Asil veya soylu, bazı kültürlerde toplumun ayrıcalıklı en üst katmanına mensup kişi. Bir toplumdaki diğer sınıfların çoğundan daha fazla kabul gören ayrıcalıklara ve daha yüksek sosyal statüye sahiptir ve üyeliği tipik olarak kalıtsaldır. Asallıkla bağlantılı ayrıcalıklar, soylu olmayanlara göre veya ona göre önemli avantajlar oluşturabilir veya büyük ölçüde onurlu olabilir (örneğin, öncelik) ve ülkeye ve döneme göre değişebilir. “Asalet yükümlülüğü” anlamına gelen “şaibeli” nostalik “Ortaçağ” sloganı, ayrıcalıkların, örneğin onurlu davranış, geleneksel hizmet ya da liderlik rolleri veya pozisyonları gibi çeşitli toplumsal sorumlulukları yerine getirme yükümlülüğünün ömür boyu süren yükümlülüklerini yerine getirdiğini açıklar.

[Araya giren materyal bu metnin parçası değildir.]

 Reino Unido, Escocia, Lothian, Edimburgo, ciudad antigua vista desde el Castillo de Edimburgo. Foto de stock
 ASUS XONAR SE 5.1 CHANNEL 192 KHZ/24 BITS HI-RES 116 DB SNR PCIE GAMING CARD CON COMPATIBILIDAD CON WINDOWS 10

Ailesel veya akrabalık bağı.
Soyluluğa ve onun ayrıcalıklarına üyelik tarihsel olarak bir hükümdar veya hükümet tarafından kabul edilmiş veya düzenlenmiş ve böylece bir milletin üst sınıfının diğer varlıklarından ayrılmıştır; zenginlik, yaşam tarzı veya bağlılık, üyeliğin göze çarpan işaretleri olabilir. Asal olan soylular yine de nadiren kapalı bir kast oluşturdu; Yeterli güç, zenginlik, askeri yetenek ya da kraliyet lehine iktisap elde etmek, değişken frekansa sahip olan halkların asalete yükselmesini sağlamıştır.

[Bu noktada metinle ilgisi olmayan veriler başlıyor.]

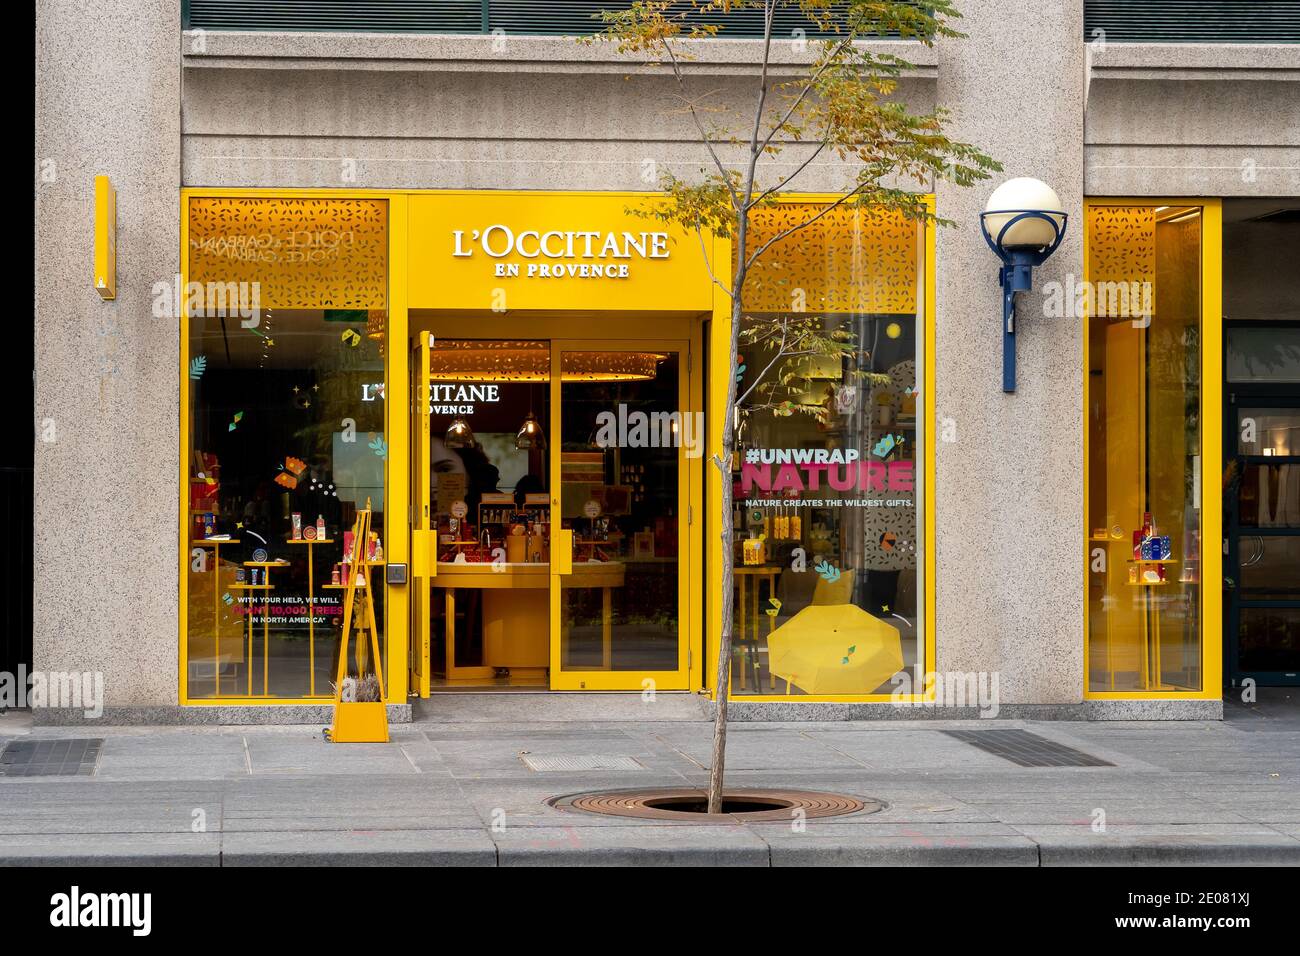 Toronto, Canada - October 24, 2019: The L'occitane store in Toronto, Canada. Stock Photo

Asil sınıf içinde genellikle çeşitli dereceler vardır. Asaletin yasal olarak tanınması monarşilerde daha yaygındı, ancak Hollanda Cumhuriyeti (1581–1795), Cenova Cumhuriyeti (1005-1818), Venedik Cumhuriyeti (697-1797) ve bu tür rejimlerde de asalet mevcuttu. Eski İsviçre Konfederasyonu (1300-1798) ve bazı kalıtsal olmayan rejimlerin, örneğin Channel Islands, San Marino ve Avrupa’daki Vatikan’ın yasal sosyal yapısının bir parçası olarak kalmaktadır.